- THE TASK
All of the data below should be printed again word for word, pictures excluded.

- THE DATA
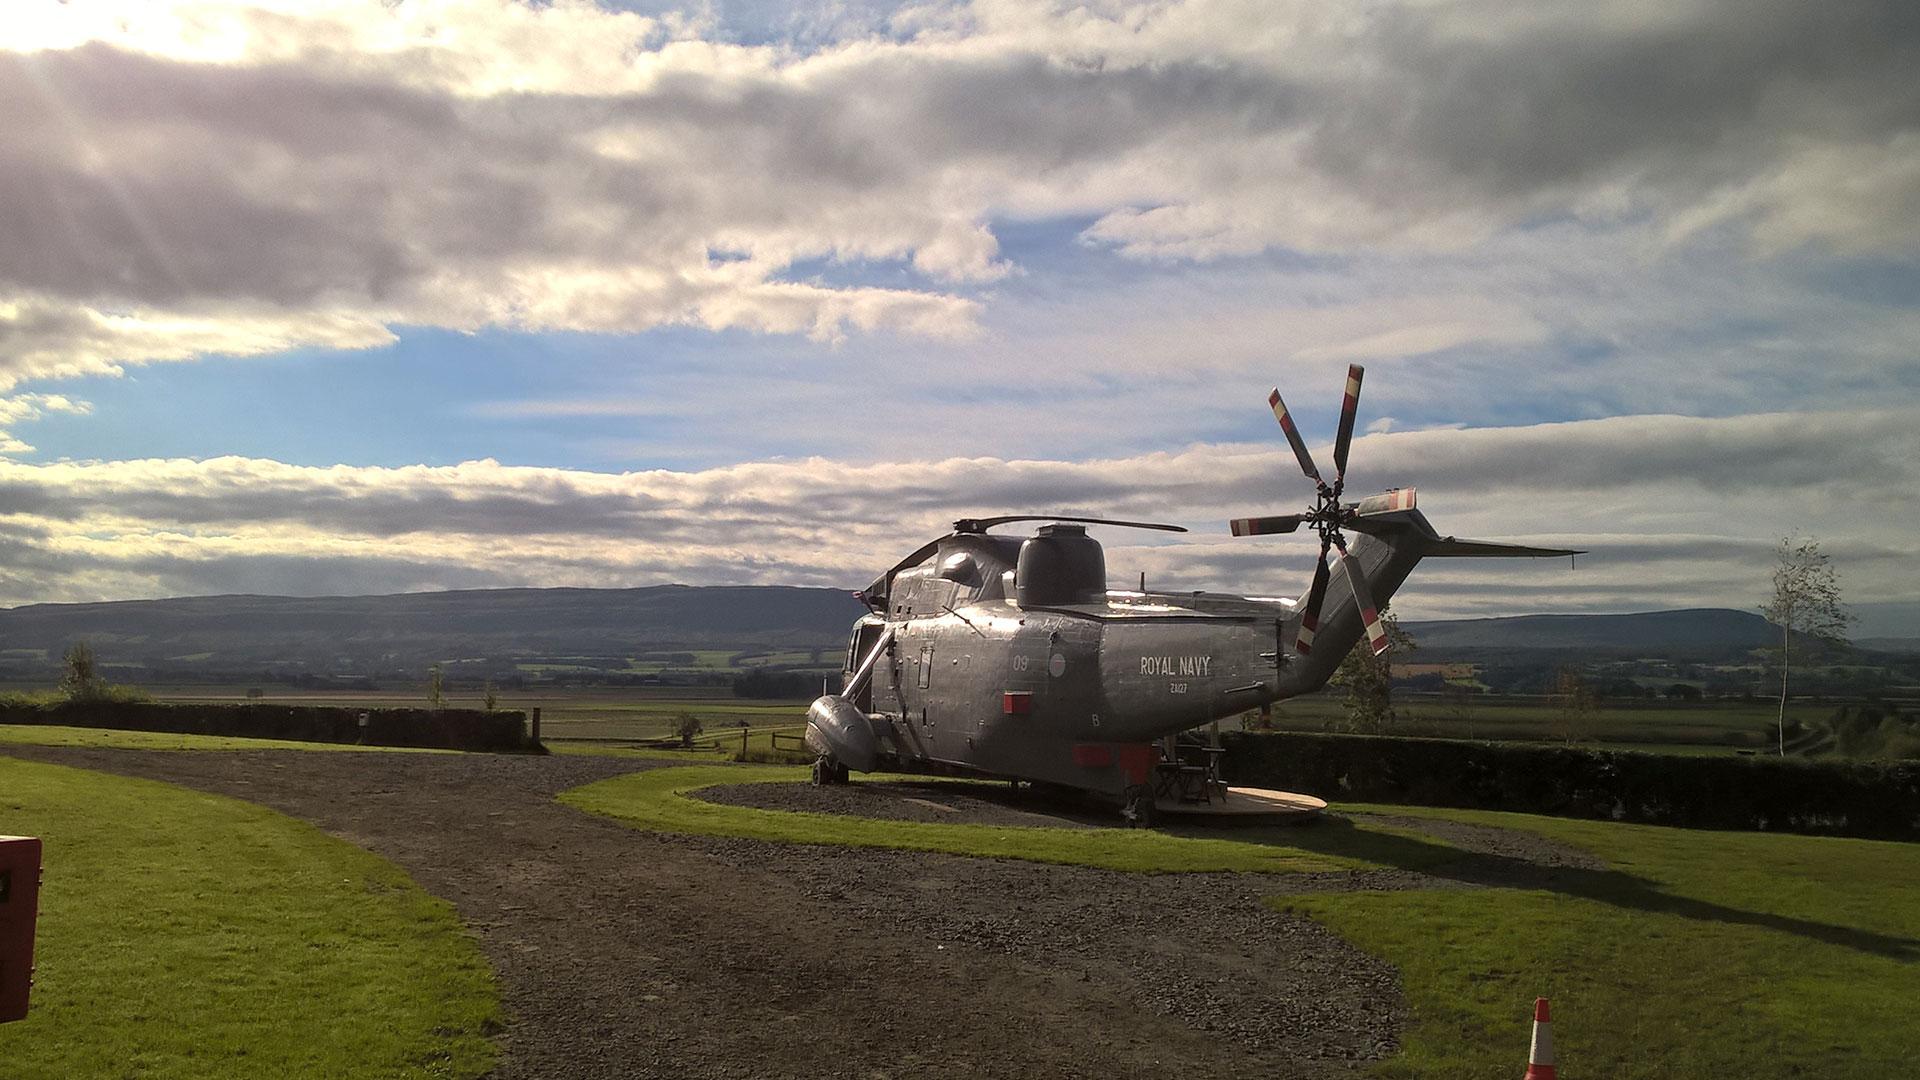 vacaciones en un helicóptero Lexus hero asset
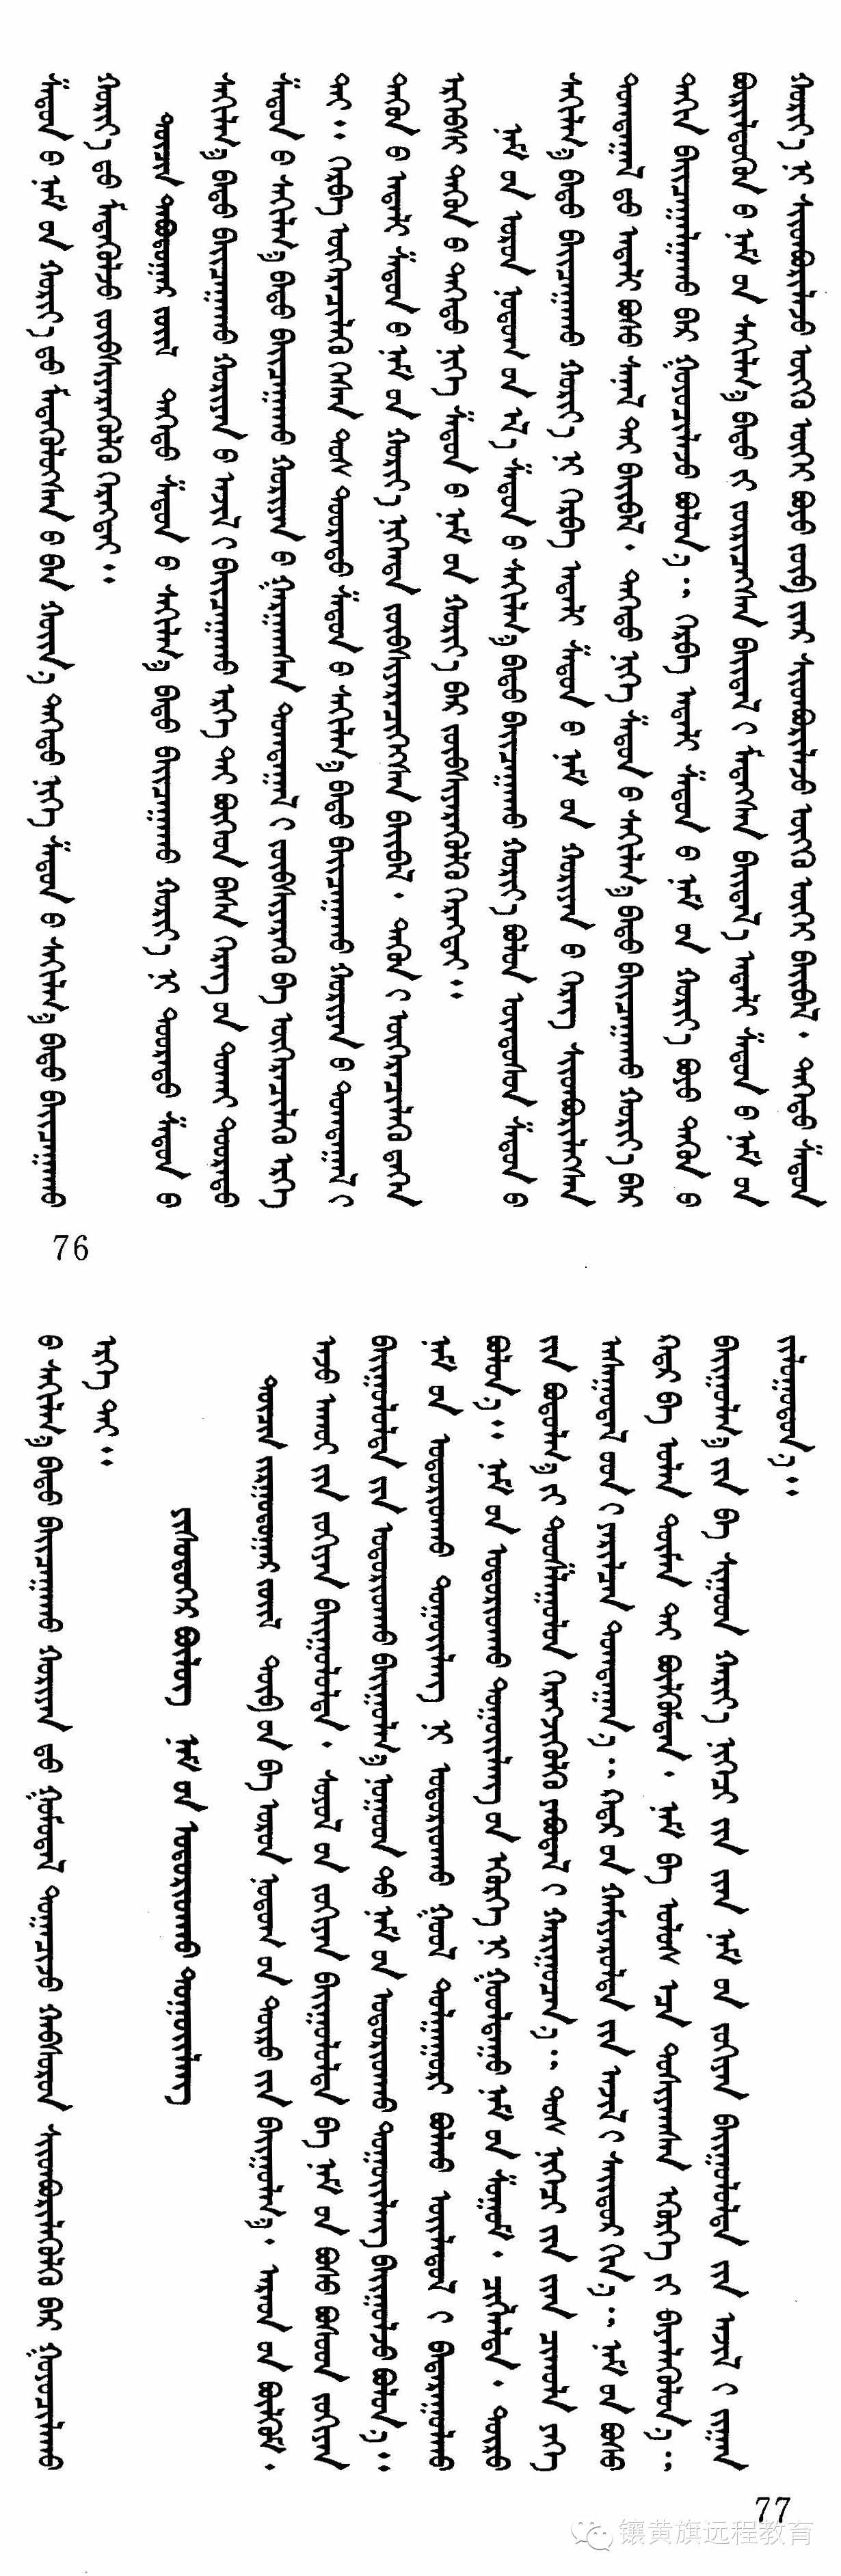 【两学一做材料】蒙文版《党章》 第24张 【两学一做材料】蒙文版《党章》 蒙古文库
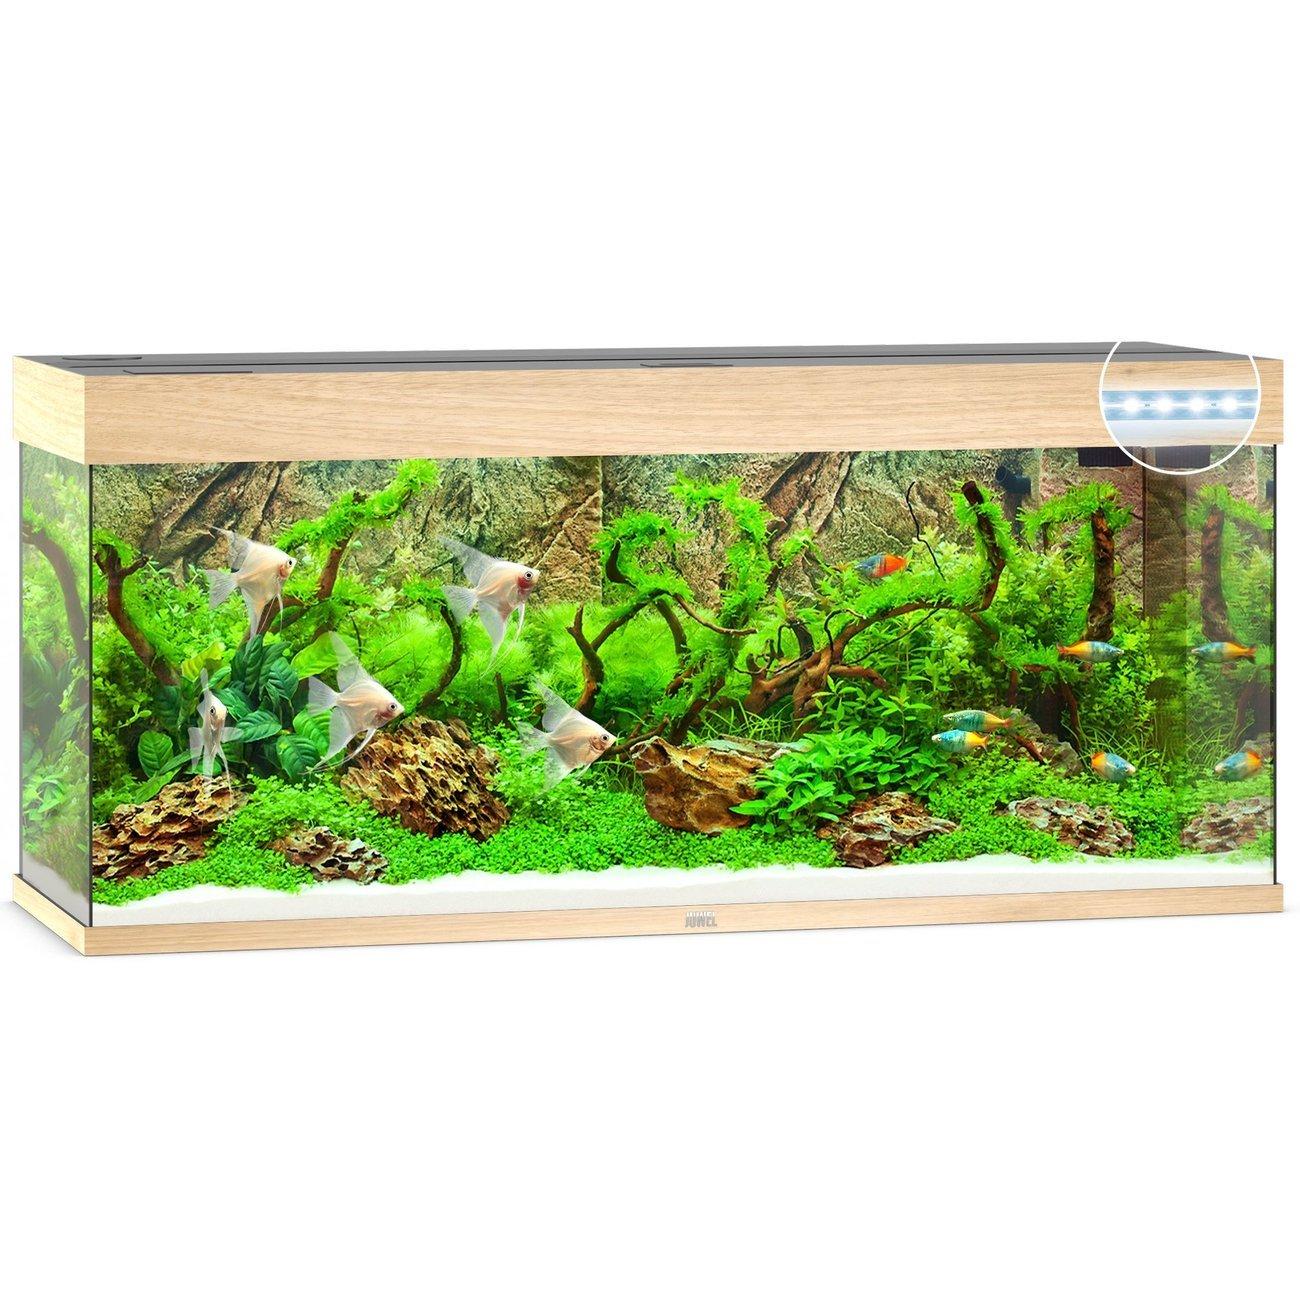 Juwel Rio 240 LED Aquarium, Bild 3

- WRITTEN SOLUTION
 vacaciones en un helicóptero Lexus hero asset
 【两学一做材料】蒙文版《党章》 第24张 【两学一做材料】蒙文版《党章》 蒙古文库
 Juwel Rio 240 LED Aquarium, Bild 3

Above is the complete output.